Автор: Lewis Jackson
Дата создания: 10 Май 2021
Дата обновления: 1 Июль 2024
Anonim
Как Избавиться От ВИСЦЕРАЛЬНОГО ЖИРА за 10 МИНУТ в день
Видео: Как Избавиться От ВИСЦЕРАЛЬНОГО ЖИРА за 10 МИНУТ в день

Содержание

Жир находится во многих местах тела, в области бедер, талии и многих других частей тела. Однако существует много типов жировых отложений, которые представляют собой подкожный жир и висцеральный жир. Подкожный жир - это слой жира, расположенный чуть ниже кожи и обычно не влияющий на ваше здоровье. С другой стороны, висцеральный жир - это жир, находящийся в различных органах тела и вокруг них, особенно в брюшной полости. Висцеральный жир окружает желудок, печень и кишечник и очень вреден для здоровья. Висцеральный жир в процессе обмена веществ производит вредные для организма вещества. Он также был связан с инсулинорезистентностью (которая приводит к диабету II типа), сердечным приступом, инсультом, высоким кровяным давлением и некоторыми видами рака (такими как рак груди и толстой кишки. ). Это опасно, но висцеральный жир можно контролировать и уменьшить путем изменения диеты и образа жизни.

Шаги

Метод 1 из 3: изменение пищевых привычек


  1. Следите за общим содержанием жира. Пищевые жиры должны быть ограничены 20-30% от общего количества калорий, что эквивалентно 40-70 г жира в день (исходя из диеты в 2000 калорий). Высокое содержание жира может увеличить риск увеличения веса или потребления висцерального жира.
    • Полностью исключите трансжиры. Трансжиры - это искусственные жиры, которые, как было показано, укрепляют артерии и увеличивают висцеральный жир.
    • Уменьшите потребление насыщенных жиров до 7% от общего количества калорий. Хотя насыщенные жиры не имеют таких же негативных последствий для здоровья, как трансжиры, лучше всего ограничивать потребление насыщенных жиров на должном уровне. В общем, вам следует ограничить потребление насыщенных жиров до 15-20 г в день (исходя из диеты в 2000 калорий).

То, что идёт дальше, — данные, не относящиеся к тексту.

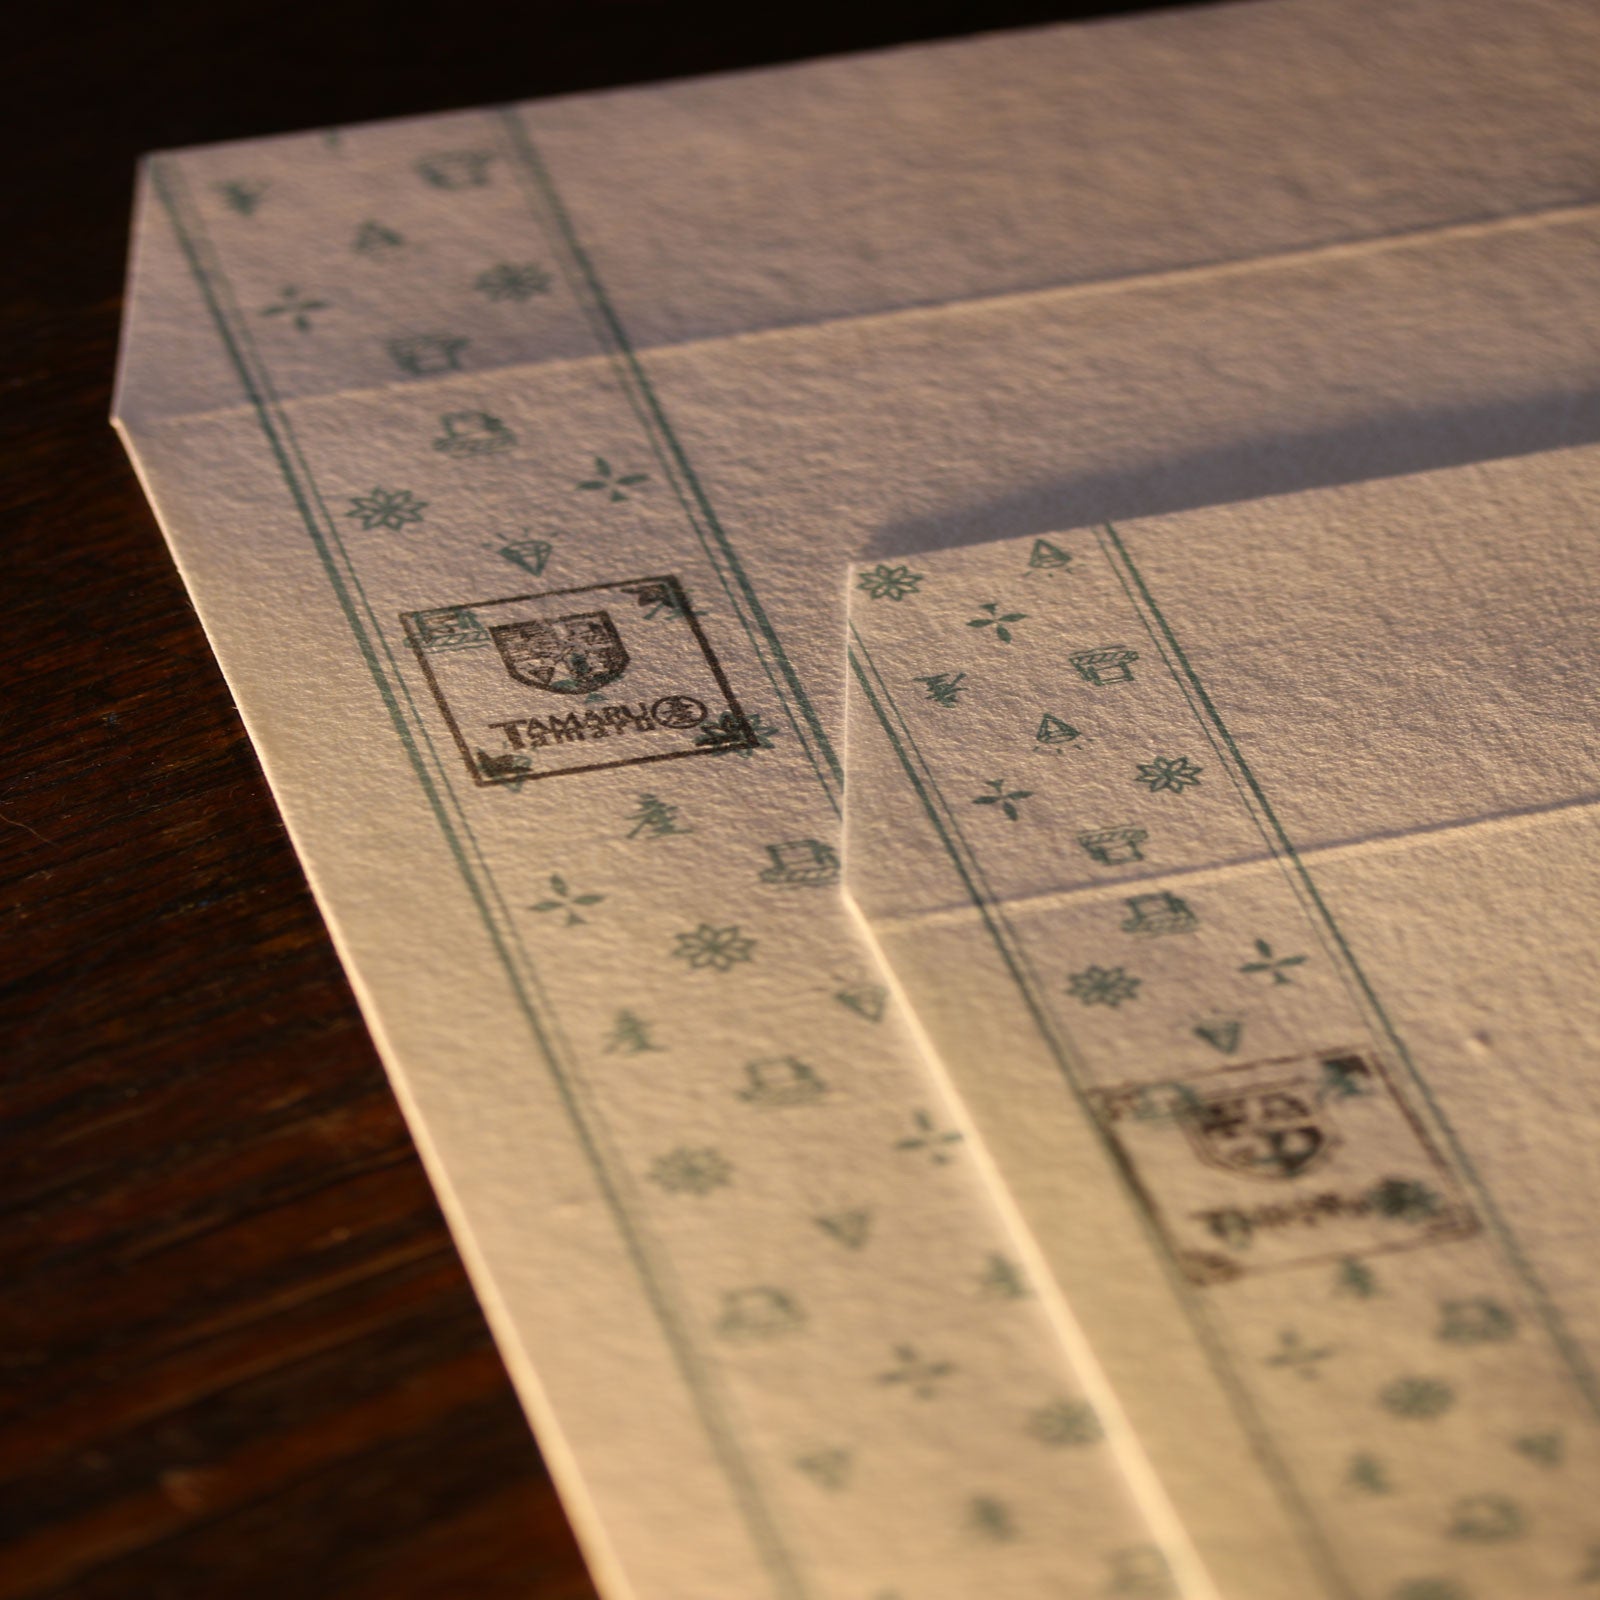 Mouse Handkerchief Hand Print White TAMARUSAN
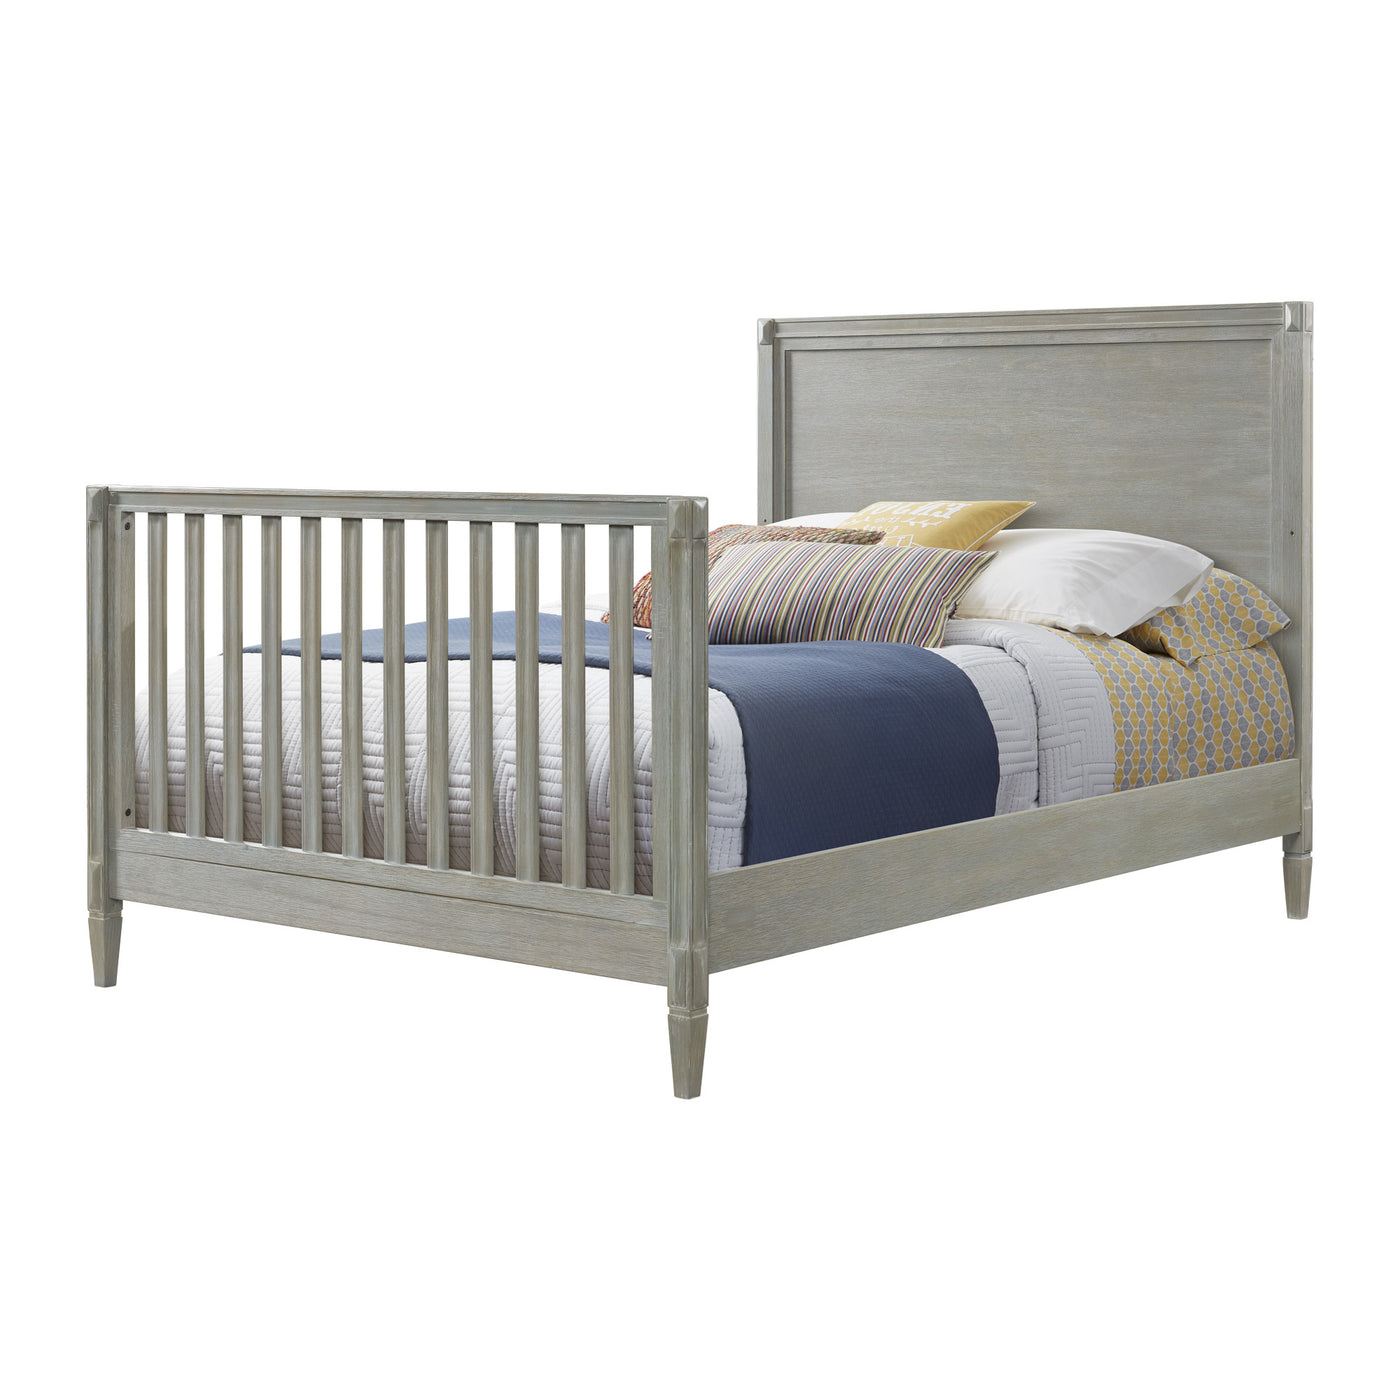 Westwood Vivian Full Bed Conversion Kit

  2. Потребление жиров полезно для здоровья сердца. Помимо отслеживания общего количества потребляемых жиров, вам также необходимо употреблять жиры, которые улучшают здоровье сердца и способствуют потере висцерального жира. Определенные типы жиров, такие как мононенасыщенные жирные кислоты (МНЖК), помогают уменьшить висцеральный жир.
    • МНЖК содержатся в таких продуктах, как оливковое масло, масло канолы, арахисовое масло и кунжутное масло. Кроме того, MUFA также содержится в авокадо и орехах.
    • Включите в свой ежедневный прием 1-2 порции здоровых продуктов с высоким содержанием жиров.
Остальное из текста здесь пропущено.